I did the same Mod on my CC rear emblem. It is simply a chrome background behind the chrome VW emblem. This eliminates the black background.

I also debadged the rear for a cleaner loook. Much easier when waxing, also.


----------



## GTiceman (Jul 23, 2009)

looks good

how bout a how-to on the rear mod


----------



## FL_Jetta08 (Jul 2, 2008)

GTiceman said:


> looks good
> 
> how bout a how-to on the rear mod


+1 For my Jetta (future Eos owner hopefully)


----------



## DavidPaul (Nov 28, 2009)

GTiceman said:


> looks good
> 
> how bout a how-to on the rear mod


Okay, will do.


----------



## veedubmac (Sep 24, 2007)

Do I spy chrome door handles??


----------



## GTiceman (Jul 23, 2009)

do not do the door handles


----------



## DavidPaul (Nov 28, 2009)

veedubmac said:


> Do I spy chrome door handles??


Yes you do.

The fit is fantastic and the look is really great. 

Afterall, this is a sports car, of sorts, so a little chrome is definitely called for.

I posted a thread on these a few days ago.

http://forums.vwvortex.com/showthread.php?4886231-Eos-Chrome-Door-Handle-Covers


----------



## FL_Jetta08 (Jul 2, 2008)

I really want to do this on my Jetta, but am concerned that my rear badge is made differently than yours.

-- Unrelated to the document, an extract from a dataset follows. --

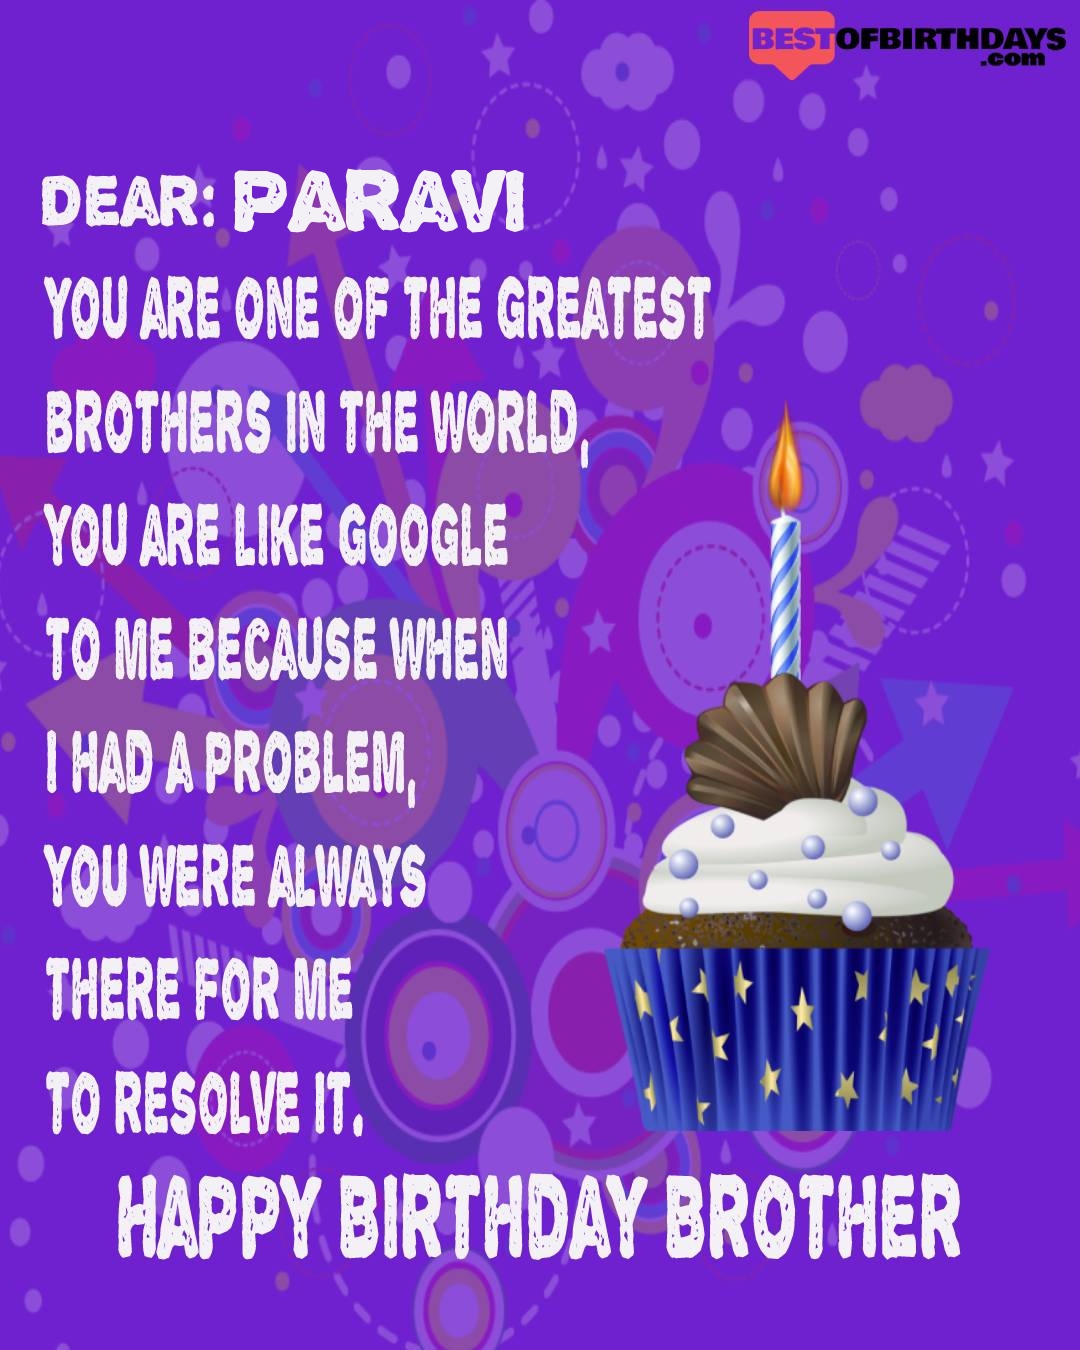 Happy birthday paravi bhai brother bro

Mine does not look like it sits almost flush with the trunk like the Eos. Should I be concerned?? I would hate to damage my rear badge. Does the VW part that comes off... is it like a cap that just snaps onto the black part (i.e. carrier) and does the CC and Eos have the same configuration since you said you've done both cars. Thanks for any help.


----------



## DavidPaul (Nov 28, 2009)

FL_Jetta08 said:


> I really want to do this on my Jetta, but am concerned that my rear badge is made differently than yours. Mine does not look like it sits almost flush with the trunk like the Eos. Should I be concerned?? I would hate to damage my rear badge. Does the VW part that comes off... is it like a cap that just snaps onto the black part (i.e. carrier) and does the CC and Eos have the same configuration since you said you've done both cars. Thanks for any help.


My Eos and CC rear emblems are identical in both size and design. I cannot speak for the Jetta but assume that it is of the cap design you are speaking of.

Yes, it just snaps over the black, main structure of the emblem. There is a bit of space between the cap and the black structure so that I could get a knife inbetween and start prying.

As I said in my earlier post, a little heat will make the cap a bit more flexible. I also feared craking the cap but it didn't happen. Apparently, it is fairly substantial.


----------



## VolksAddict (Aug 9, 2004)

Looks good.


----------



## FL_Jetta08 (Jul 2, 2008)

Finished mine tonight once I got home. After I took off the VW cap, the black portion had crevices for each part which made it very easy to cut and fit the chrome tape. I'll have to wait for tomorrow for daylight to see how it looks overall. But I am happy thus far with how it looks. 

Now... to buy those LED tails so I can have a more balanced rear. The stock tails on the jetta are boring/eye sore.


----------



## DavidPaul (Nov 28, 2009)

FL_Jetta08 said:


> Finished mine tonight once I got home. After I took off the VW cap, the black portion had crevices for each part which made it very easy to cut and fit the chrome tape. I'll have to wait for tomorrow for daylight to see how it looks overall. But I am happy thus far with how it looks.
> 
> Now... to buy those LED tails so I can have a more balanced rear. The stock tails on the jetta are boring/eye sore.


Do I really have to mention the word, "Pictures"? 

If you post on a Jetta forum, give the link.


----------



## FL_Jetta08 (Jul 2, 2008)

Chromed rear badge accents.


----------



## DavidPaul (Nov 28, 2009)

FL_Jetta08 said:


> Chromed rear badge accents.


Looks great. A touch of class, so to speak.


----------